--- START ---

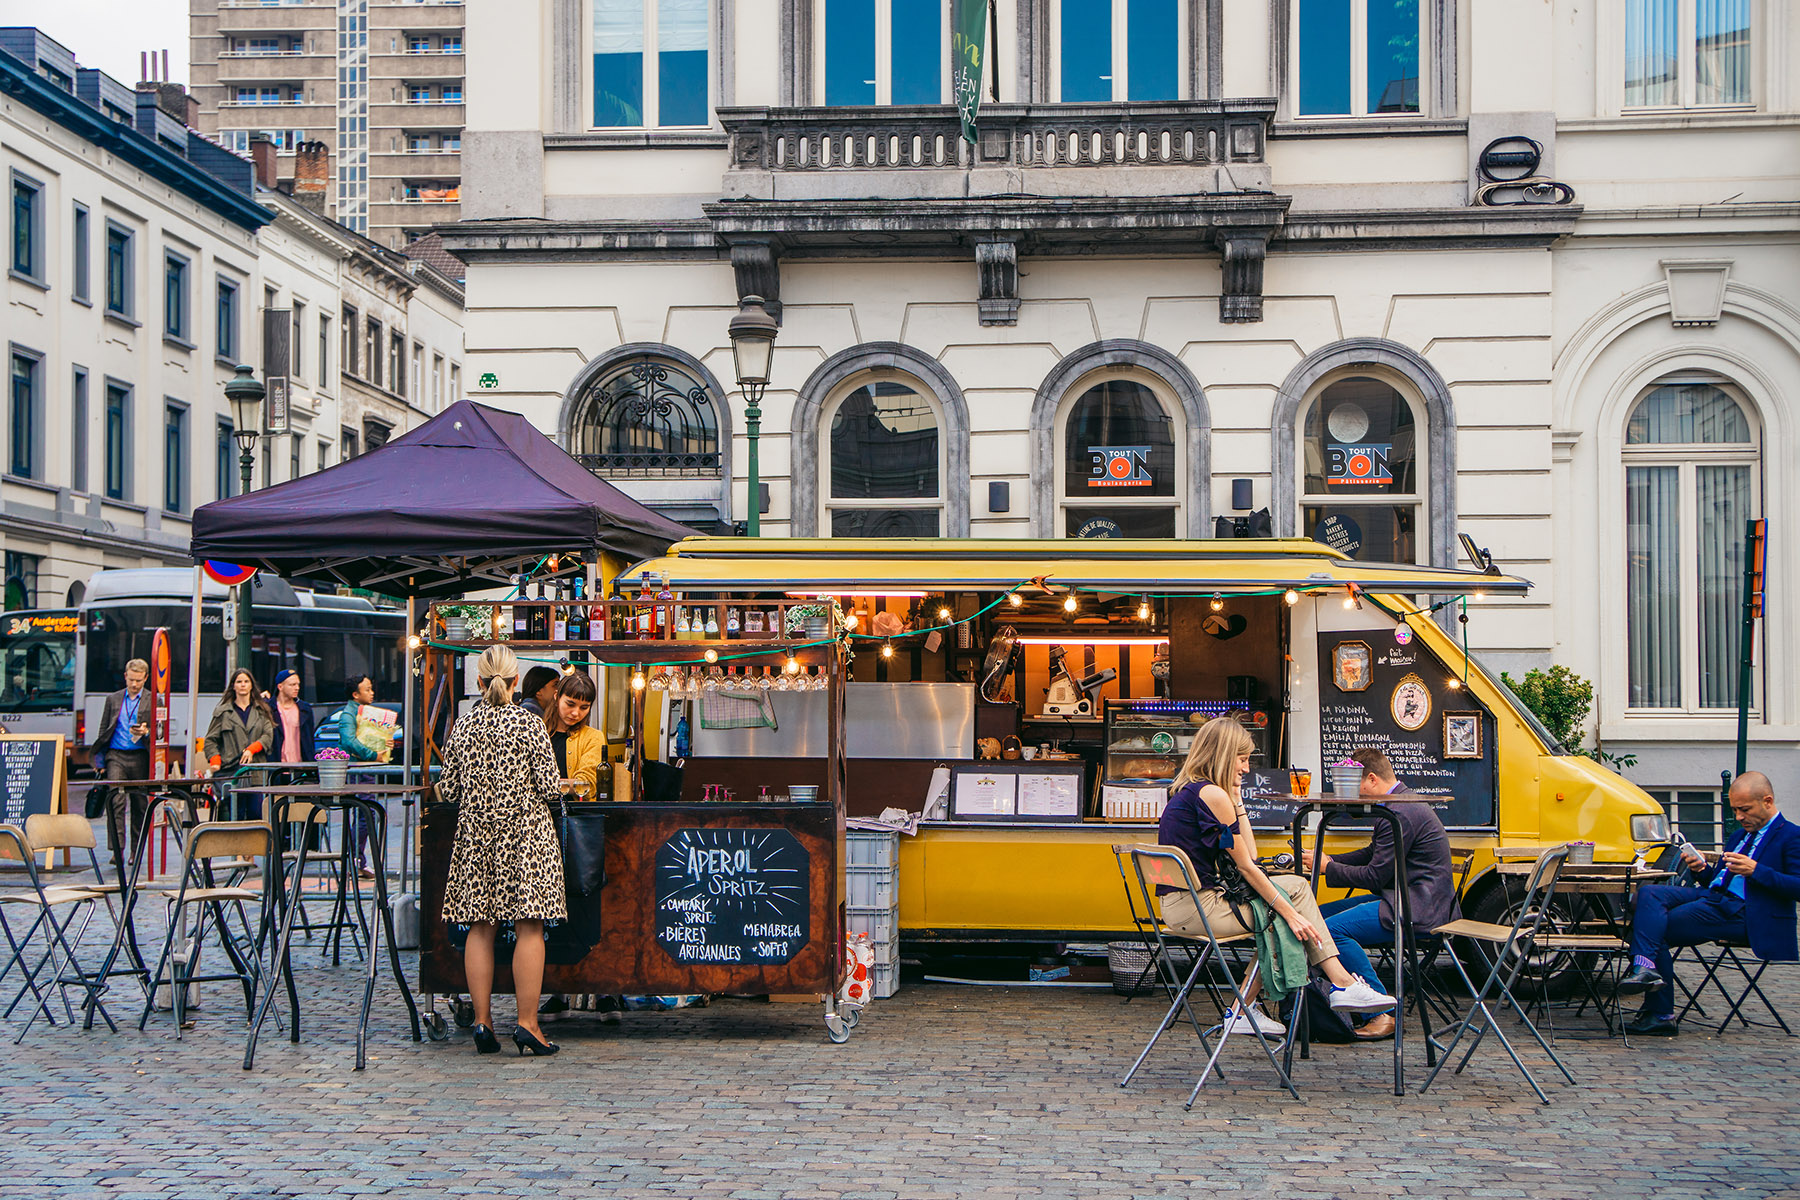 Food truck in Brussels
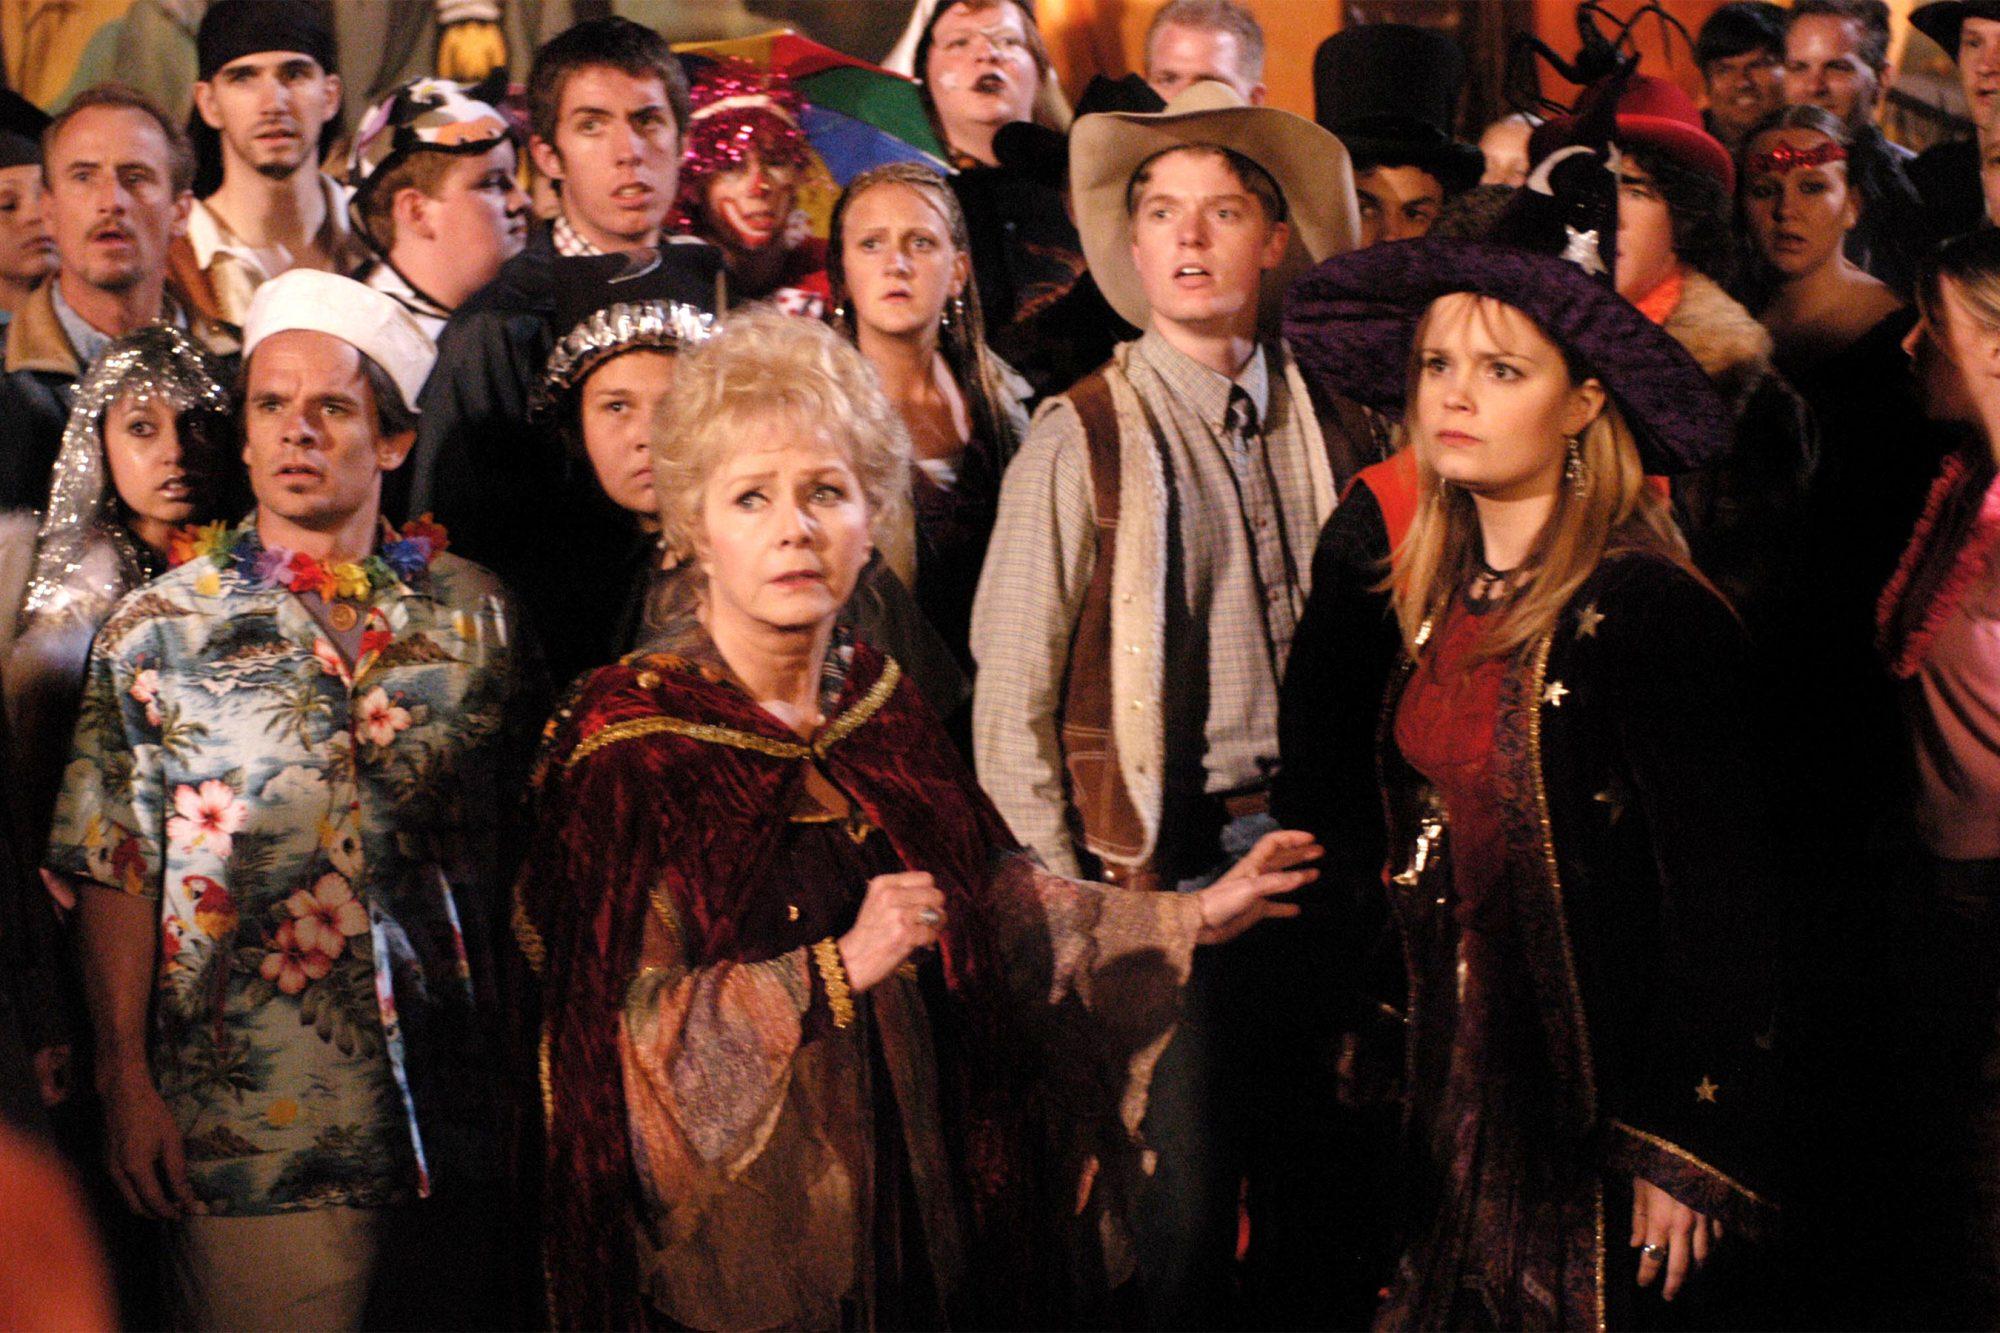 Halloweentown High - 2005
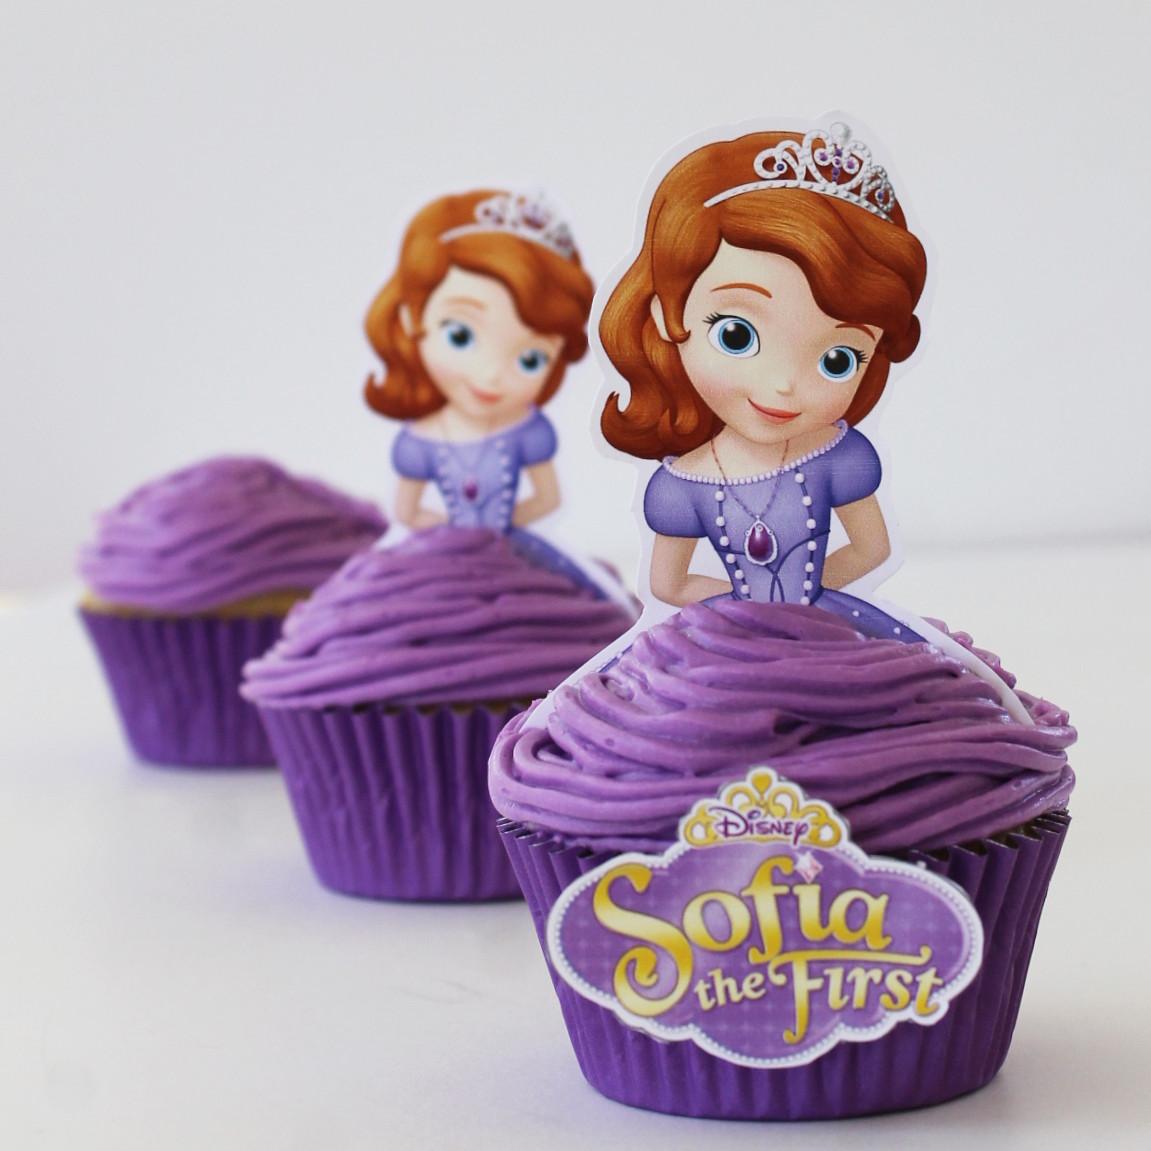 Sofia The First Princess Blueberry Cupcakes
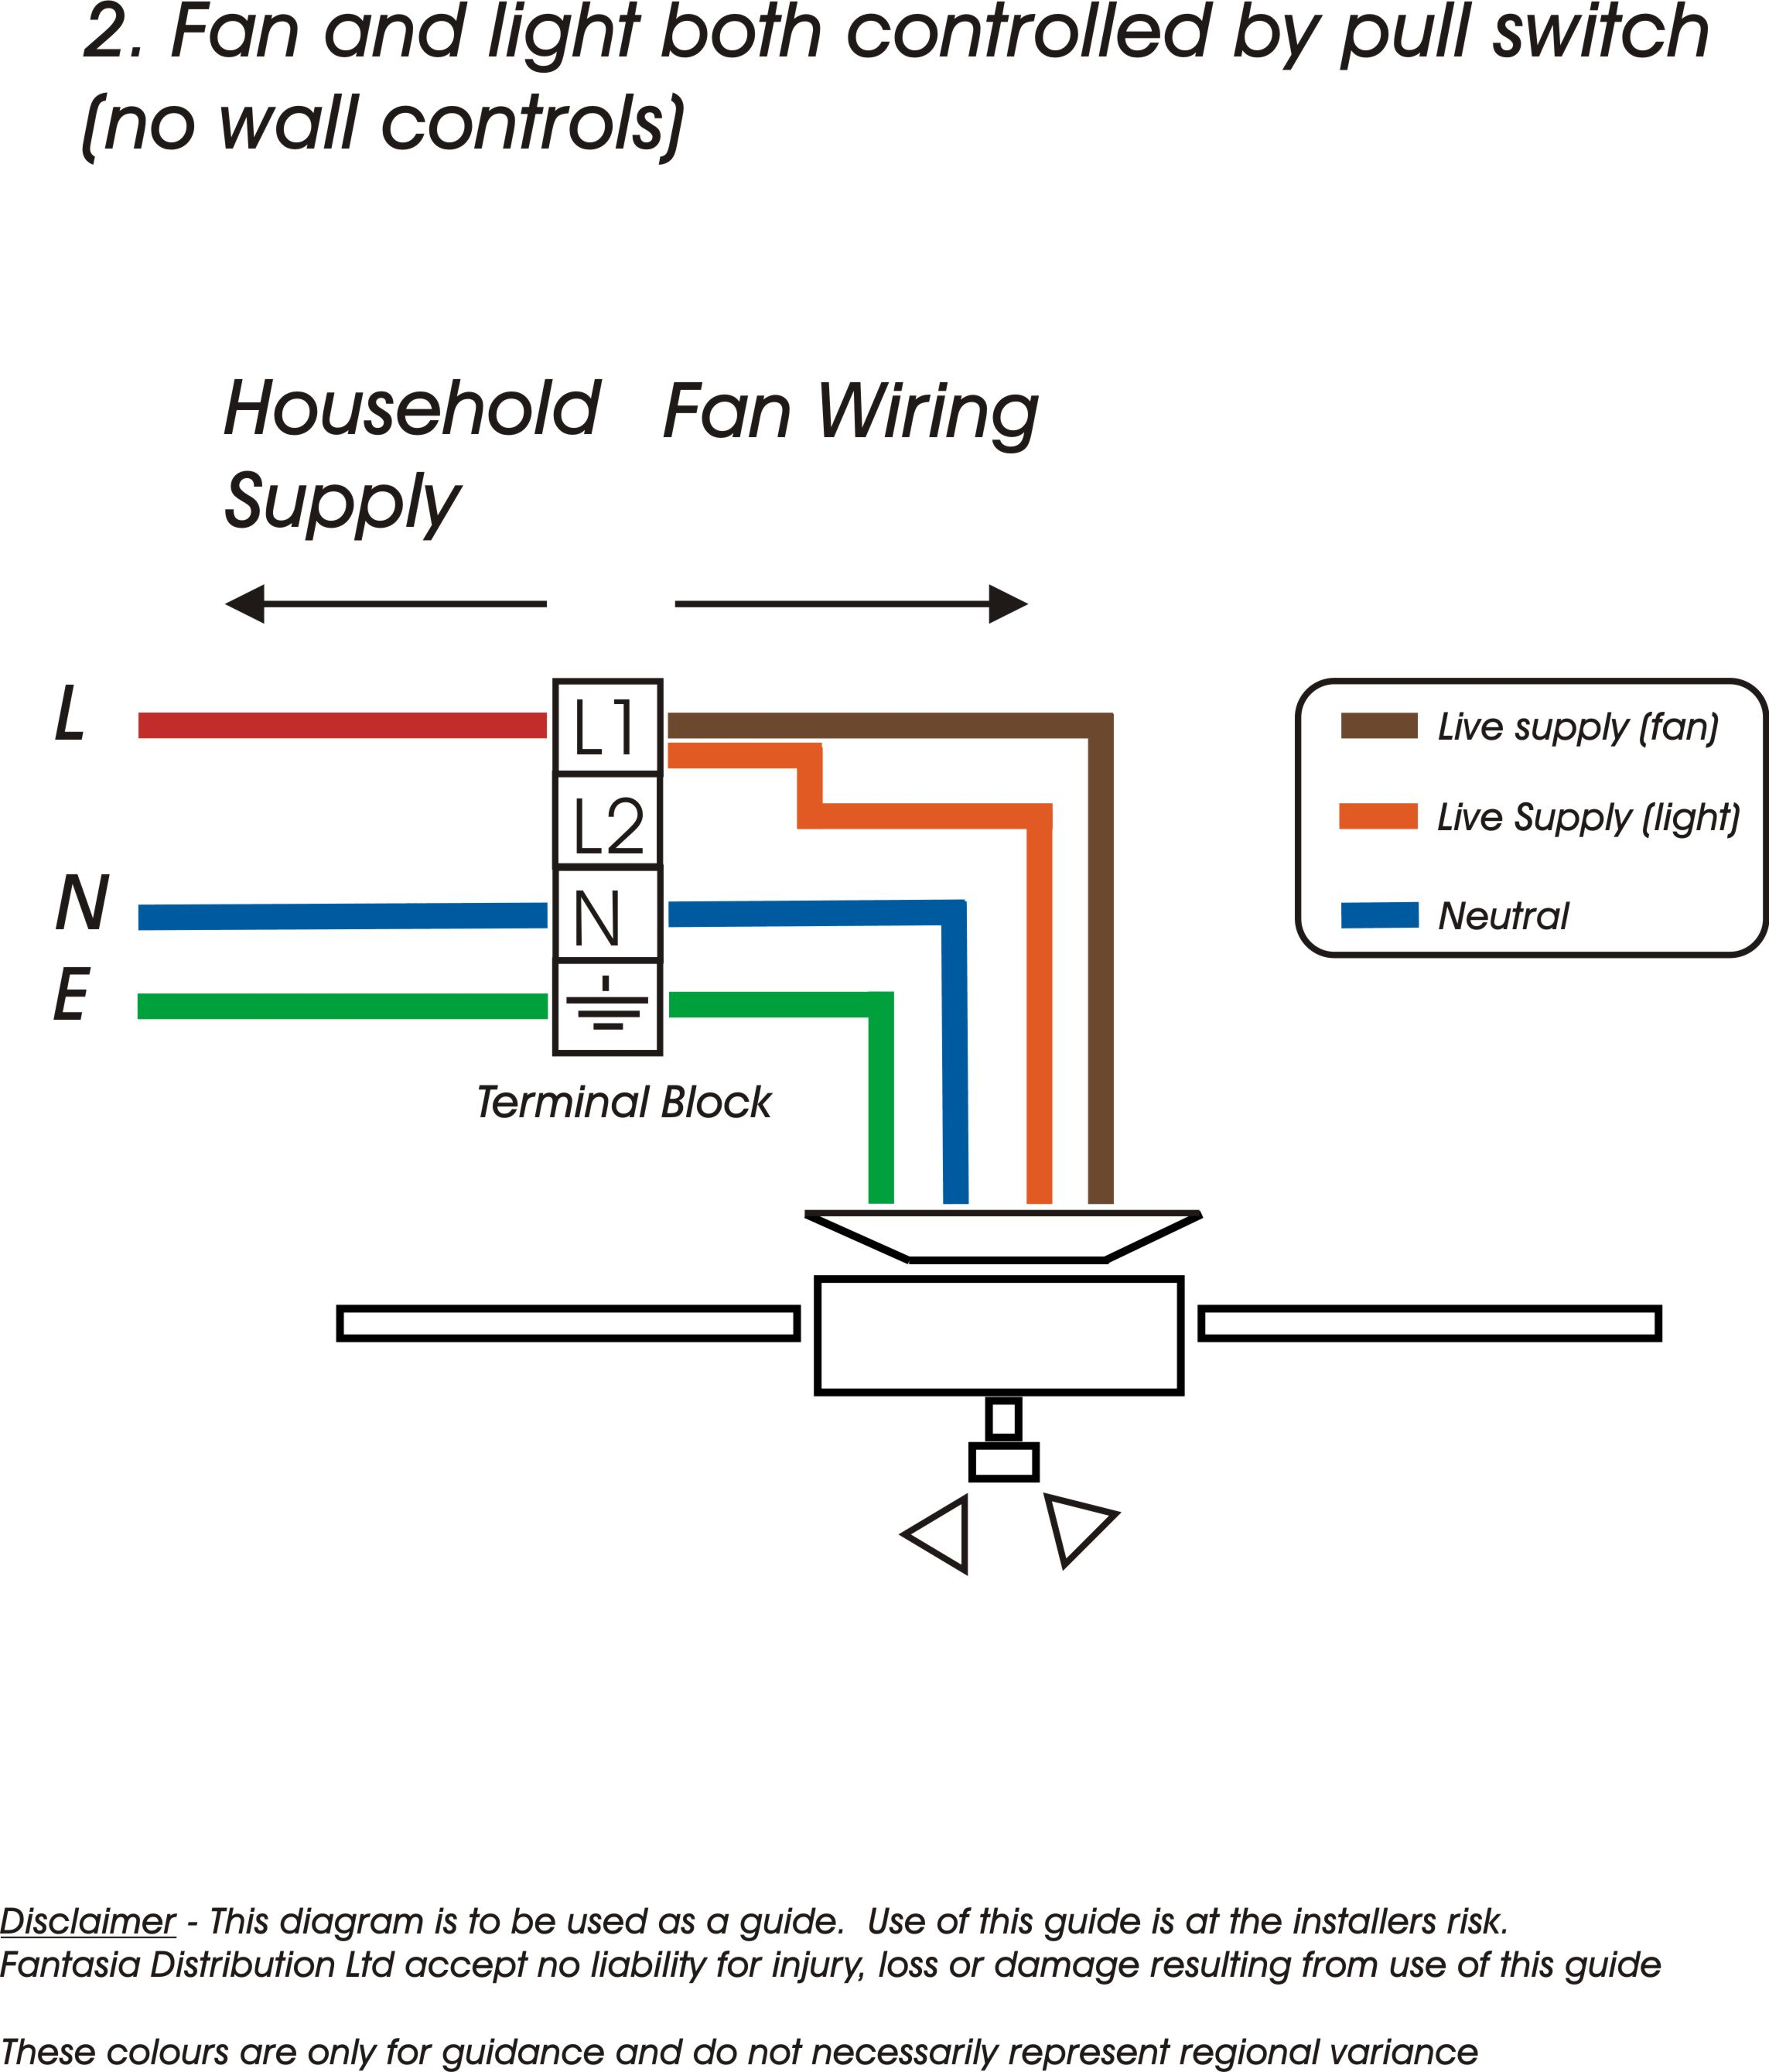 Fantasia Fans | Fantasia Ceiling Fans Wiring Information - Wiring Diagram For Ceiling Fan

--- END ---

→ Aim of the exercise
Each line of the data is to be duplicated exactly; pictures stay out of the copy.

→ Expected output
 Food truck in Brussels
 Halloweentown High - 2005
 Sofia The First Princess Blueberry Cupcakes
 Fantasia Fans | Fantasia Ceiling Fans Wiring Information - Wiring Diagram For Ceiling Fan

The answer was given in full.